The failure mode is not ignorance. Berry insists that what distinguishes our era is that destruction has become principled and rationalized. Past civilizations damaged the earth through weakness or depravity. We do it through ideology. This distinction matters because it means the crisis is not inevitable human nature but a specific set of ideas that can be identified and refused.

Good Examples

  1. The church building fund. Berry observes that organized Christianity, given a choice between the survival of creation and the survival of its institutional finances, has already chosen the finances. The phrase "full-time Christian service" applies only to professional ministry -- a farmer going bankrupt "must serve 'the economy' in his work or in his failure and serve God in his spare time." (Essay: God and Country)

  2. Virgil's practical instruction. "Before we plow an unfamiliar patch / It is well to be informed about the winds" -- not romantic sentiment but the irreducible first step of agriculture fitted to place. This tradition survived in agrarian common culture even after it vanished from literary culture, when Romantic poets reduced nature to "a reservoir of symbols." (Essay: A Practical Harmony)

  3. Albert Howard's observation. "Mother earth never attempts to farm without live stock; she always raises mixed crops; great pains are taken to preserve the soil and to prevent erosion; the mixed vegetable and animal wastes are converted into humus; there is no waste." Nature's economy is the model; industrial agriculture is the deviation. (Essay: A Practical Harmony)

Counterpoints

  1. The tension of usufruct in practice. Berry acknowledges that stewardship conditioned on non-destruction is a severe standard. All farming alters landscapes. The question is not whether humans change nature but whether they change it within limits that preserve its generative capacity -- a judgment requiring the kind of local, particular knowledge that industrial systems are designed to eliminate. (Essay: God and Country)

  2. The rupture in the literary tradition. After Pope, the tradition of nature-as-instructor largely vanished from high culture. Berry traces this rupture to the Romantic period, when nature became an occasion for human feeling rather than a source of instruction. The practical tradition survived among farmers but lost its intellectual voice -- leaving modern ecological science without a cultural lineage it could have inherited. (Essay: A Practical Harmony)

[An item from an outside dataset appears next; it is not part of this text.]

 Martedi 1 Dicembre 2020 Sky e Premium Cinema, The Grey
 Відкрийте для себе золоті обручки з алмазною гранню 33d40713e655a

  3. Principled destruction vs. fatalism. Berry's claim that our destruction is historically novel in its intentionality cuts against the common fatalism that "humans always destroy." But this also raises the stakes: if the destruction is principled, then mere good intentions are insufficient. What is needed is a counter-principle -- and that is what usufruct provides. (Essay: A Practical Harmony)

Key Quotes

"If it comes to a choice between the extermination of the fowls of the air and the lilies of the field and the extermination of a building fund, the organized church will elect -- indeed, has already elected -- to save the building fund." -- Wendell Berry, Essay: God and Country

"It is our present principled and elaborately rationalized rape and plunder of the natural world that is a new thing under the sun." -- Wendell Berry, Essay: A Practical Harmony

"Most of our difficulty with the earth lies in the effort to do what perhaps ought not to be done. . . . A good part of agriculture is to learn how to adapt one's work to nature." -- Liberty Hyde Bailey, quoted in Essay: A Practical Harmony

"Be watchful, and strengthen the things which remain, that are ready to die." -- Revelation, cited in Essay: God and Country

Rules of Thumb

  • Before acting on a place, ask what the place is already doing; fit your work to its pattern, not the reverse.
  • If the institution that claims moral authority is funded by the system it should critique, expect silence on the things that matter most.
  • Distinguish between use and consumption. Usufruct permits the first and forbids the second.
  • When destruction is rationalized rather than accidental, the remedy must also be principled -- not just well-meaning but structurally different.
  • The test of stewardship is not what you produce but what you leave behind for the next user.